XPath contains(text(),'some string') doesn't work when used with node with more than one Text subnode

I have a small problem with XPath contains with dom4j ...

Let's say my XML is

<Home>
    <Addr>
        <Street>ABC</Street>
        <Number>5</Number>
        <Comment>BLAH BLAH BLAH <br/><br/>ABC</Comment>
    </Addr>
</Home>

Let's say I want to find all the nodes that have ABC in the text given the root Element...

So the XPath that I would needed to write would be

//*[contains(text(),'ABC')]

However this is not what dom4j returns .... is this a dom4j problem or my understanding how XPath works, since that query returns only the Street element and not the Comment element?

The DOM makes the Comment element a composite element with four tags two

[Text = 'XYZ'][BR][BR][Text = 'ABC'] 

I would assume that the query should still return the element since it should find the element and run contains on it, but it doesn't ...

The following query returns the element, but it returns far more then just the element – it returns the parent elements as well, which is undesirable to the problem.

//*[contains(text(),'ABC')]

Does any one know the XPath query that would return just the elements <Street/> and <Comment/> ?

As far as I can tell, //*[contains(text(),'ABC')] returns only the <Street> element. It doesn't return any ancestors of <Street> or <Comment>.
None of the answers addressed the different behavior found in new versions of XPath (versions 2.0 and above, starting in ~2007) so I've added an updated answer below to explain the difference.

K
Ken Bloom

The <Comment> tag contains two text nodes and two <br> nodes as children.

Your xpath expression was

//*[contains(text(),'ABC')]

To break this down,

* is a selector that matches any element (i.e. tag) -- it returns a node-set. The [] are a conditional that operates on each individual node in that node set. It matches if any of the individual nodes it operates on match the conditions inside the brackets. text() is a selector that matches all of the text nodes that are children of the context node -- it returns a node set. contains is a function that operates on a string. If it is passed a node set, the node set is converted into a string by returning the string-value of the node in the node-set that is first in document order. Hence, it can match only the first text node in your element -- namely BLAH BLAH BLAH. Since that doesn't match, you don't get a in your results.

You need to change this to

//*[text()[contains(.,'ABC')]]

* is a selector that matches any element (i.e. tag) -- it returns a node-set. The outer [] are a conditional that operates on each individual node in that node set -- here it operates on each element in the document. text() is a selector that matches all of the text nodes that are children of the context node -- it returns a node set. The inner [] are a conditional that operates on each node in that node set -- here each individual text node. Each individual text node is the starting point for any path in the brackets, and can also be referred to explicitly as . within the brackets. It matches if any of the individual nodes it operates on match the conditions inside the brackets. contains is a function that operates on a string. Here it is passed an individual text node (.). Since it is passed the second text node in the tag individually, it will see the 'ABC' string and be able to match it.

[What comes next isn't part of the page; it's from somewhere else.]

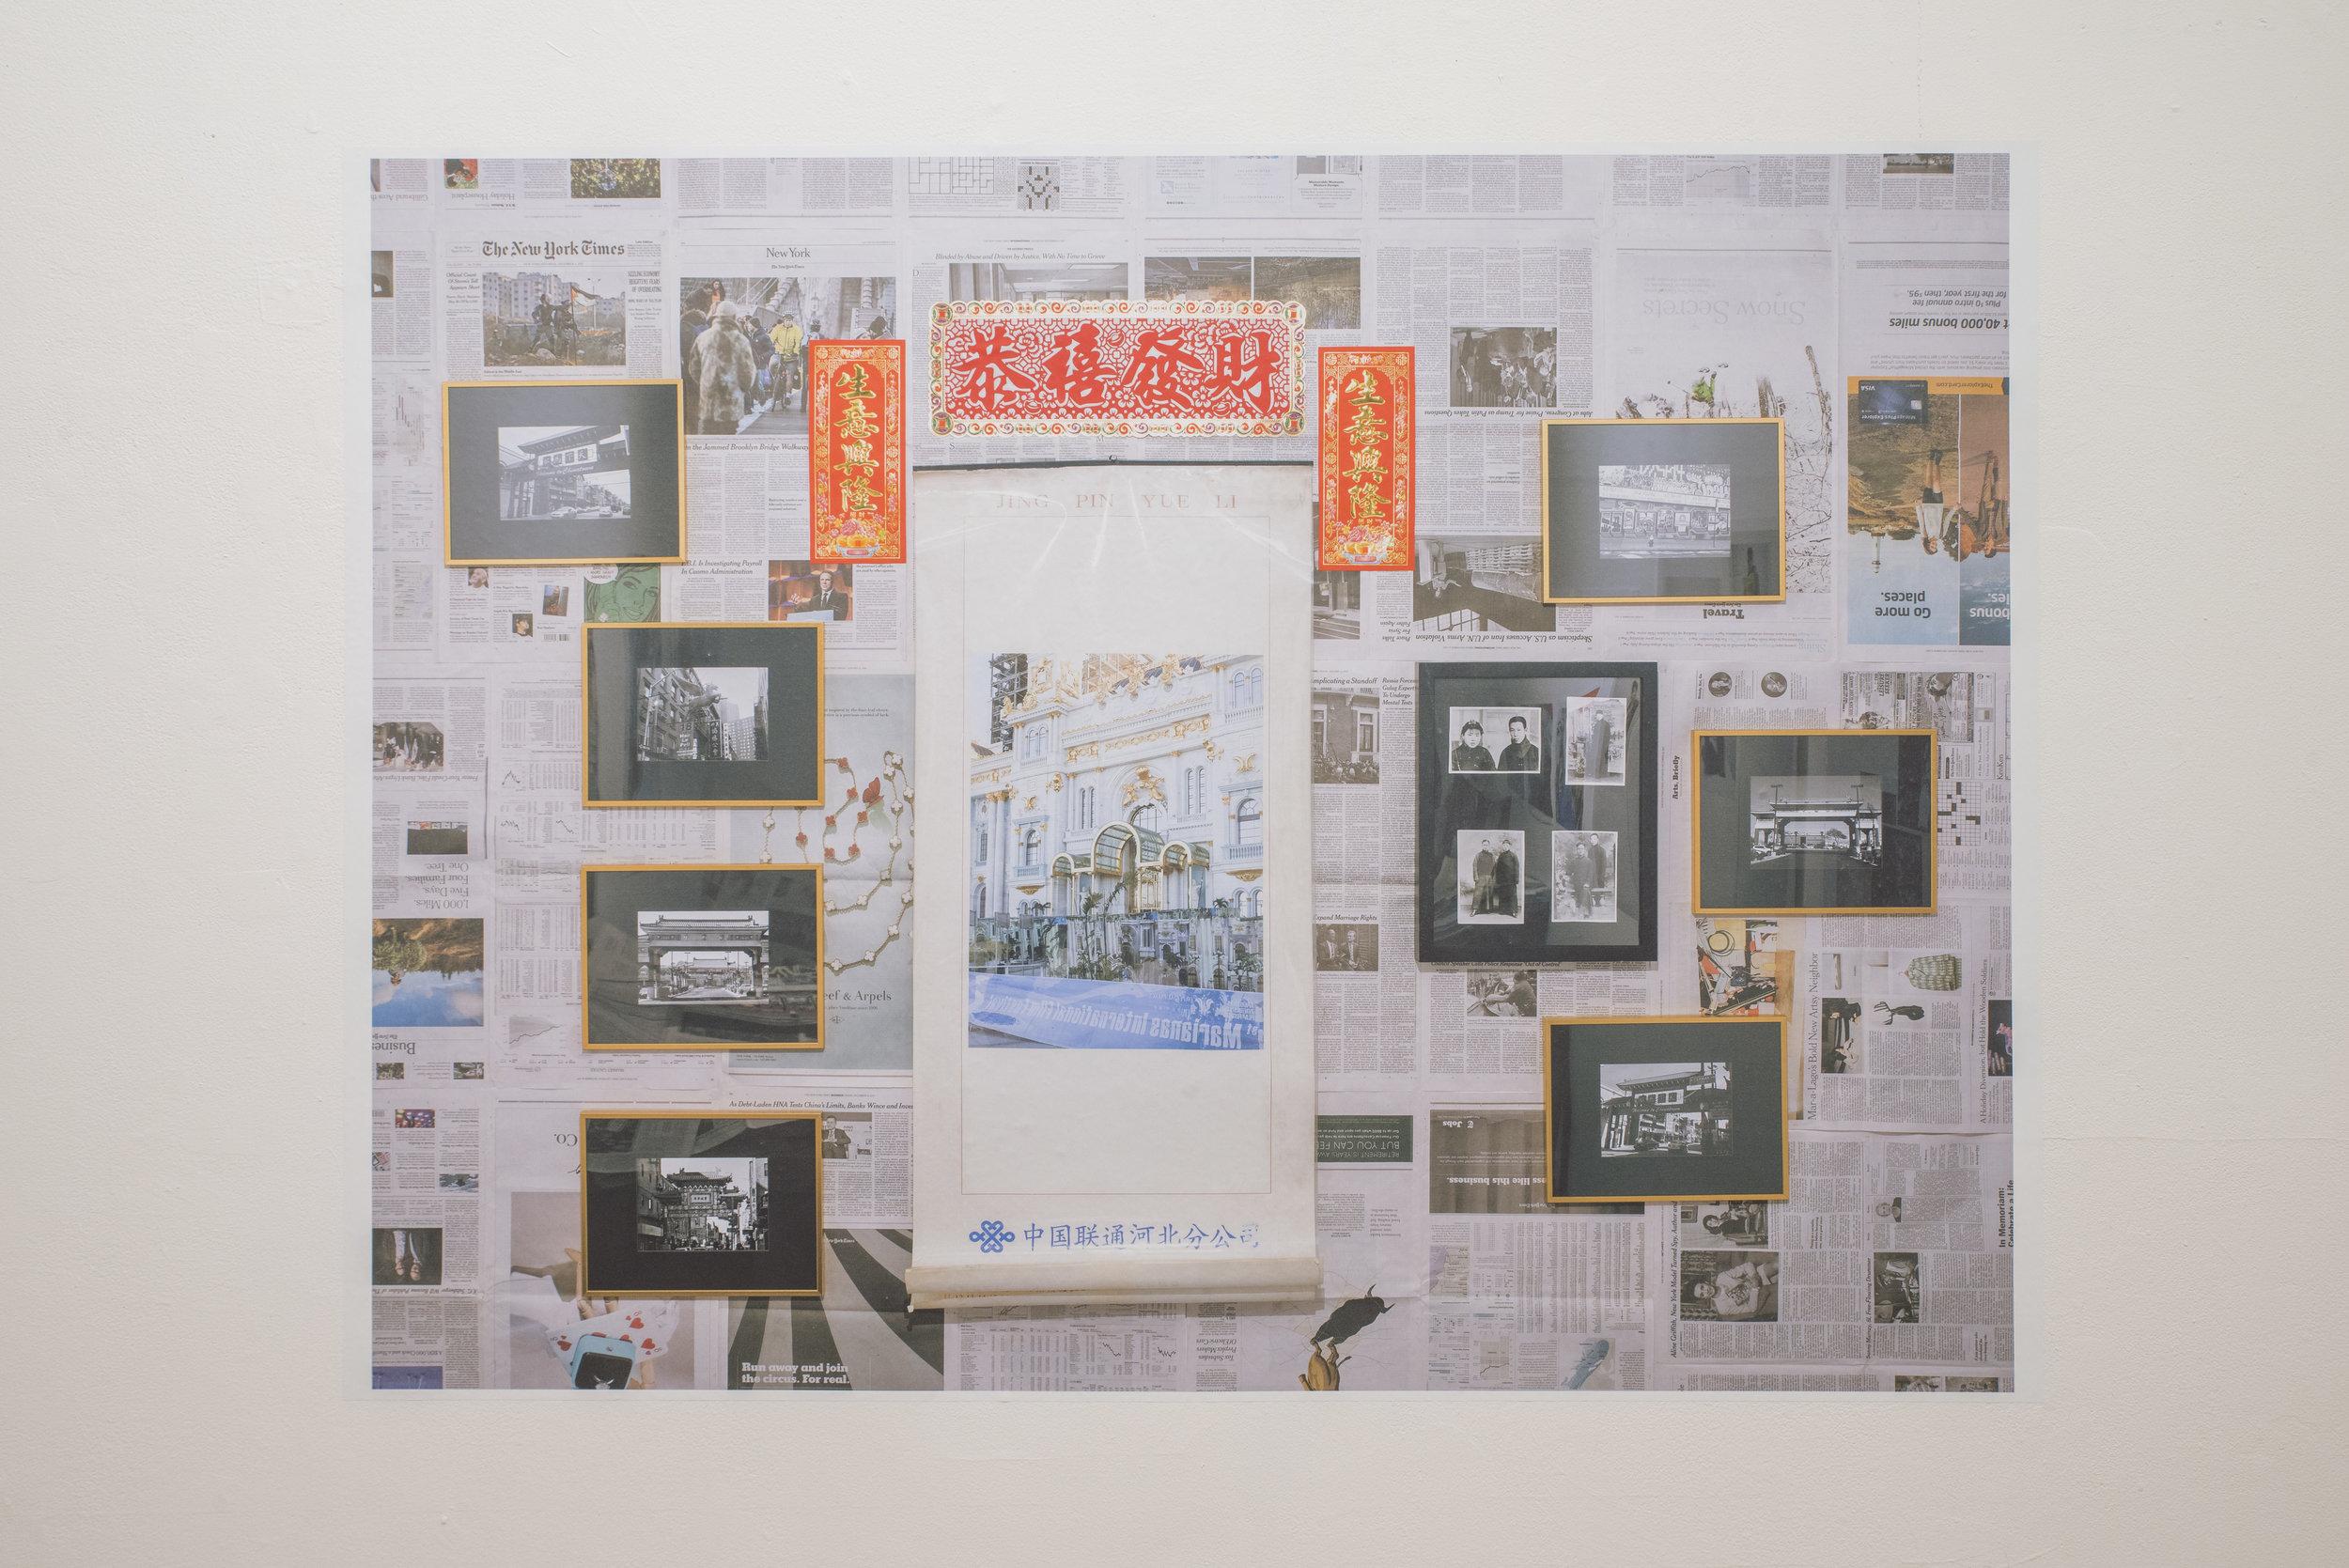 Zhao, Jiawei_wallpaper_installation_2.jpg
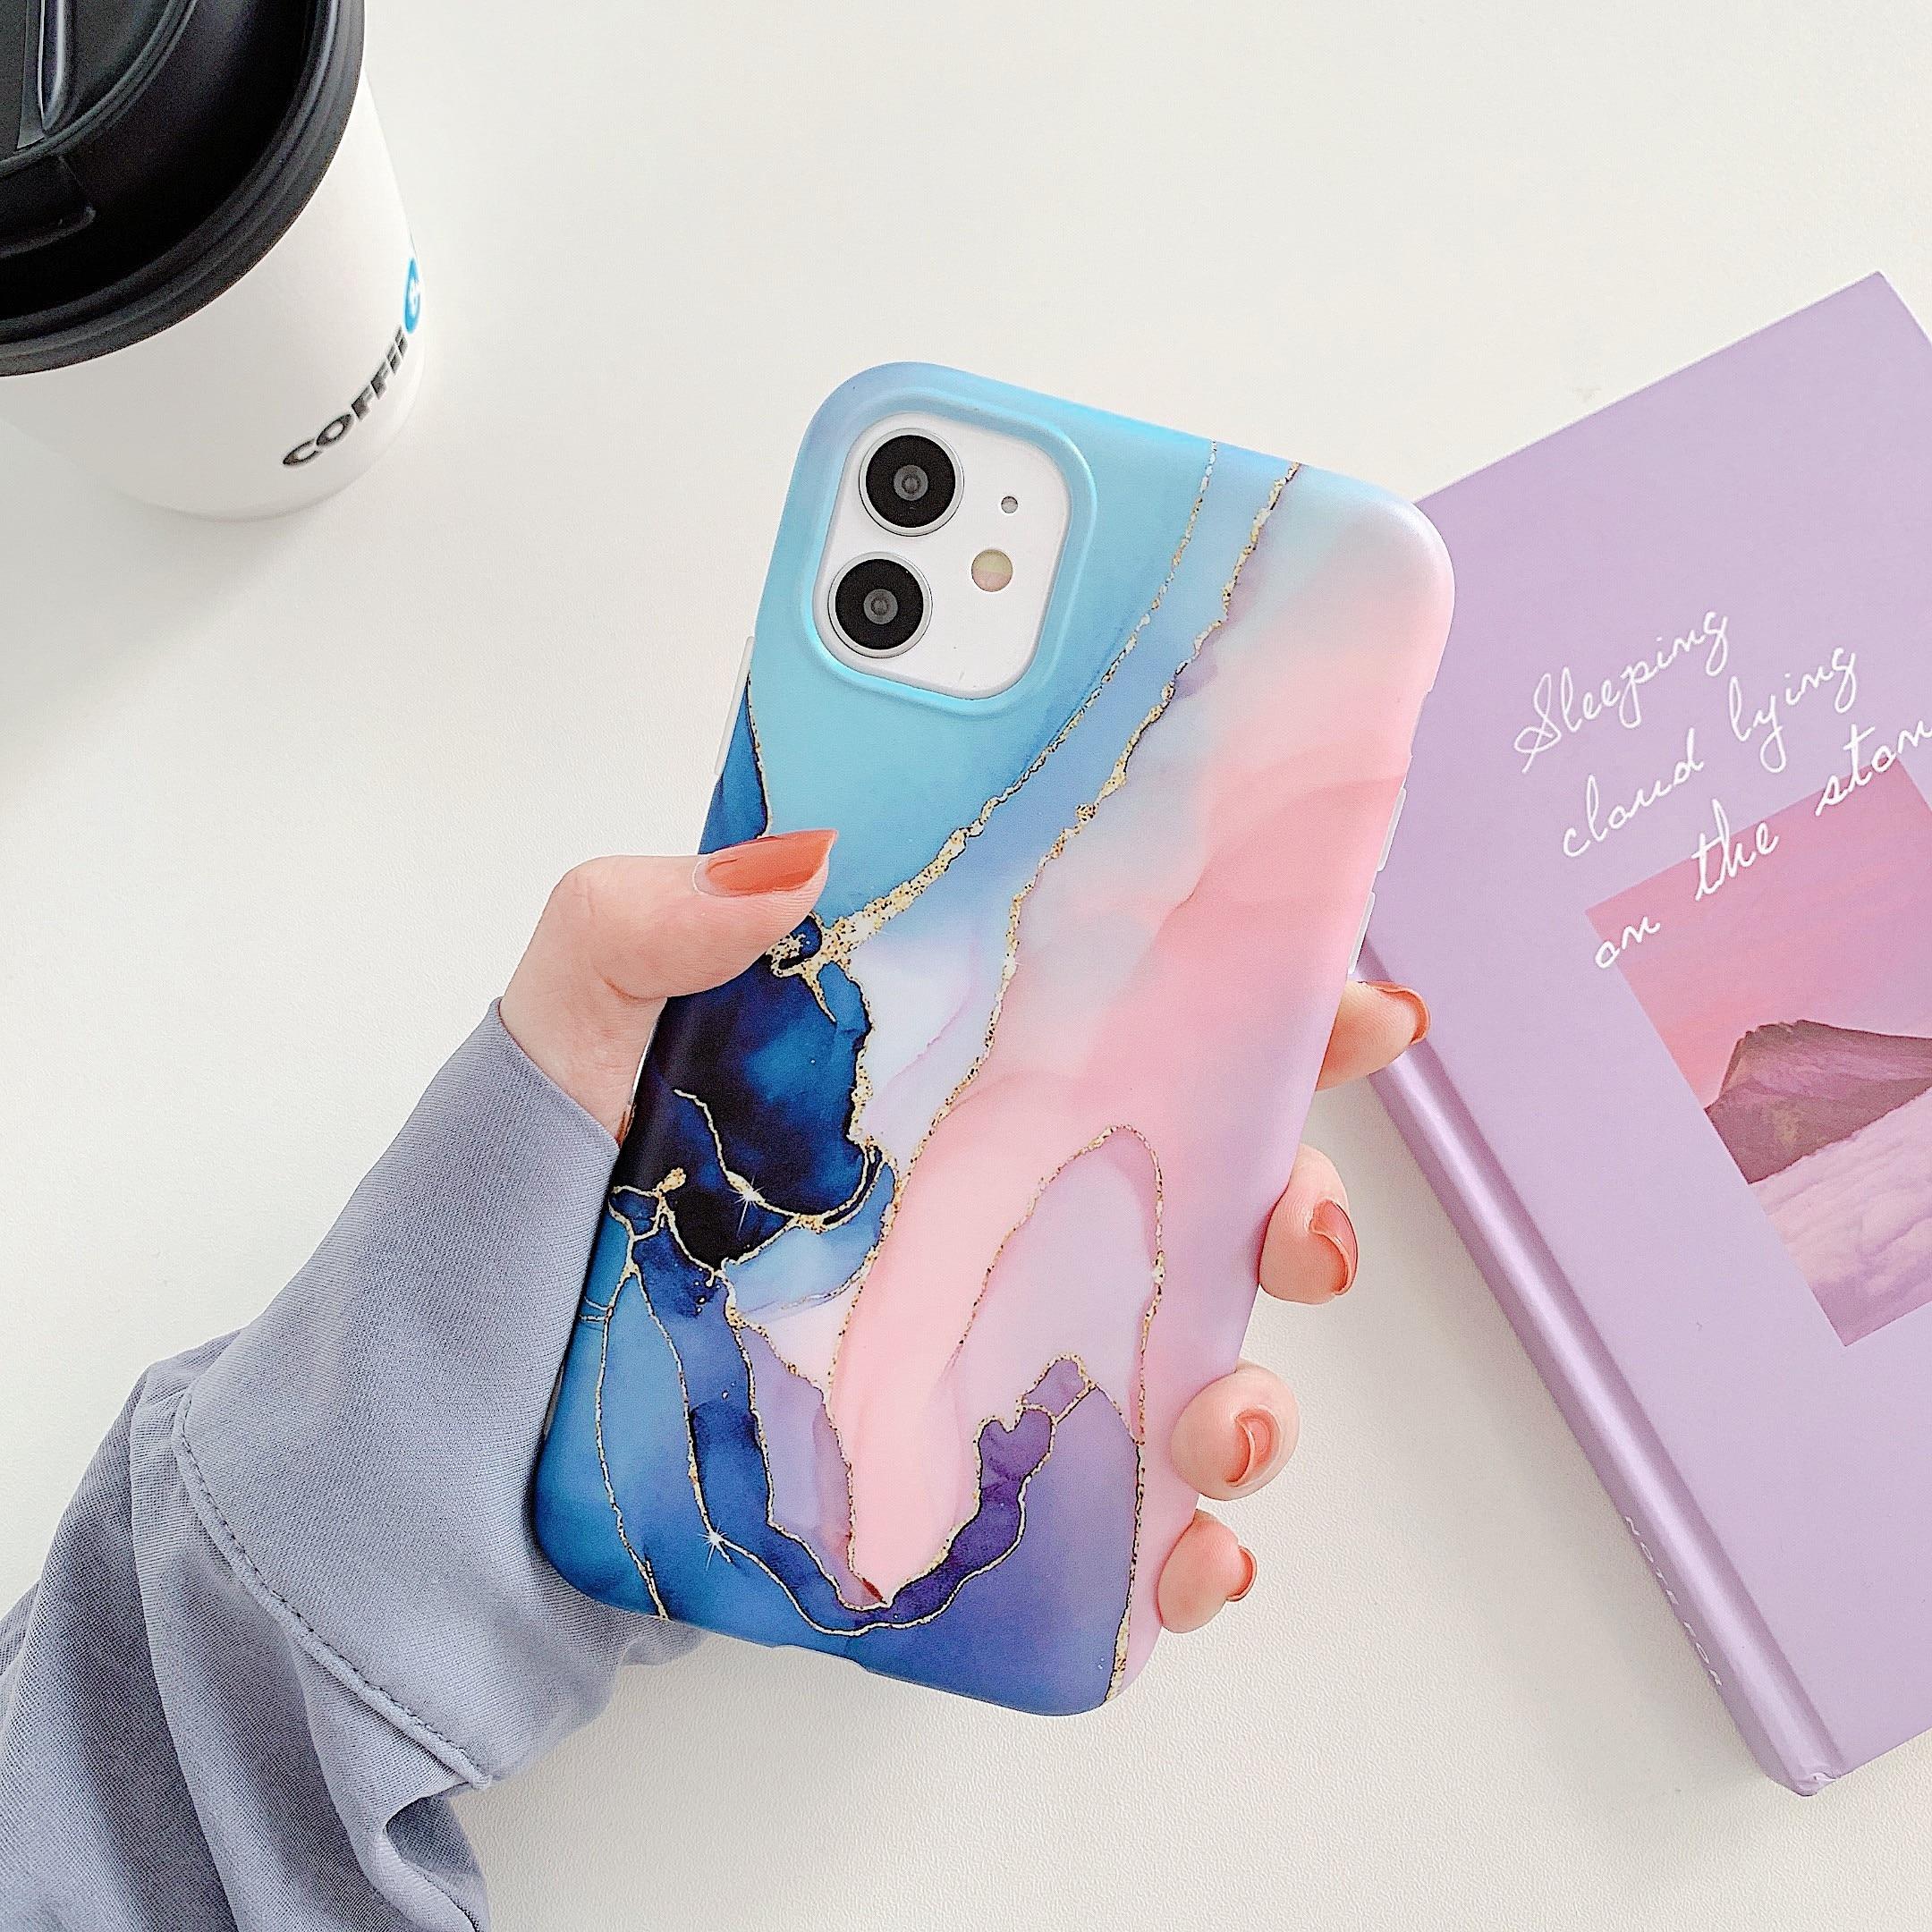 Hb638efb1436940eda8eeb06a97cb8295e Capinha celular case Mármore rachadura matte casos de telefone para iphone 12 mini 11 pro max se 2020 xs max xr x 7 8 plus capa de silicone macio tpu imd volta

Awesome im a little bit of an xpath noob, so let me get this, text() is a function that takes the expression contains(.,'ABC'), Is there a chance you can explain so i don't do this kinda stupid stuff again ;)
I've edited my answer to provide a long explanation. I don't really know that much about XPath myself -- I just experimented a bit until I stumbled on that combination. Once I had a working combination, I made a guess what was going on and looked in the XPath standard to confirm what I thought was going on and write the explanation.
How would you make this a case insensitive search?
I know this is an old thread, but can anyone comment on if there is a fundamental difference, preferably with some simple test cases between the answer given by Ken Bloom and //*[contains(., 'ABC')]. I had always used the pattern given by Mike Milkin, thinking it was more appropriate, but just doing contains on the current context seems to actually be what I want more often.
...//*[text()[contains(.,'ABC')]] means any element for which text()[contains(.,'ABC')] is true. text()[contains(.,'ABC')] is a node-set of all text node children of the context node for which contains(.,'ABC') is true. Since text()[contains(.,'ABC')] is a node-set, it's converted to boolean by boolean() function. For a node-set, boolean() returns true if it's not empty.
C
Community

The XML document:

<Home>
    <Addr>
        <Street>ABC</Street>
        <Number>5</Number>
        <Comment>BLAH BLAH BLAH <br/><br/>ABC</Comment>
    </Addr>
</Home>

The XPath expression:

//*[contains(text(), 'ABC')]

//* matches any descendant element of the root node. That is, any element but the root node.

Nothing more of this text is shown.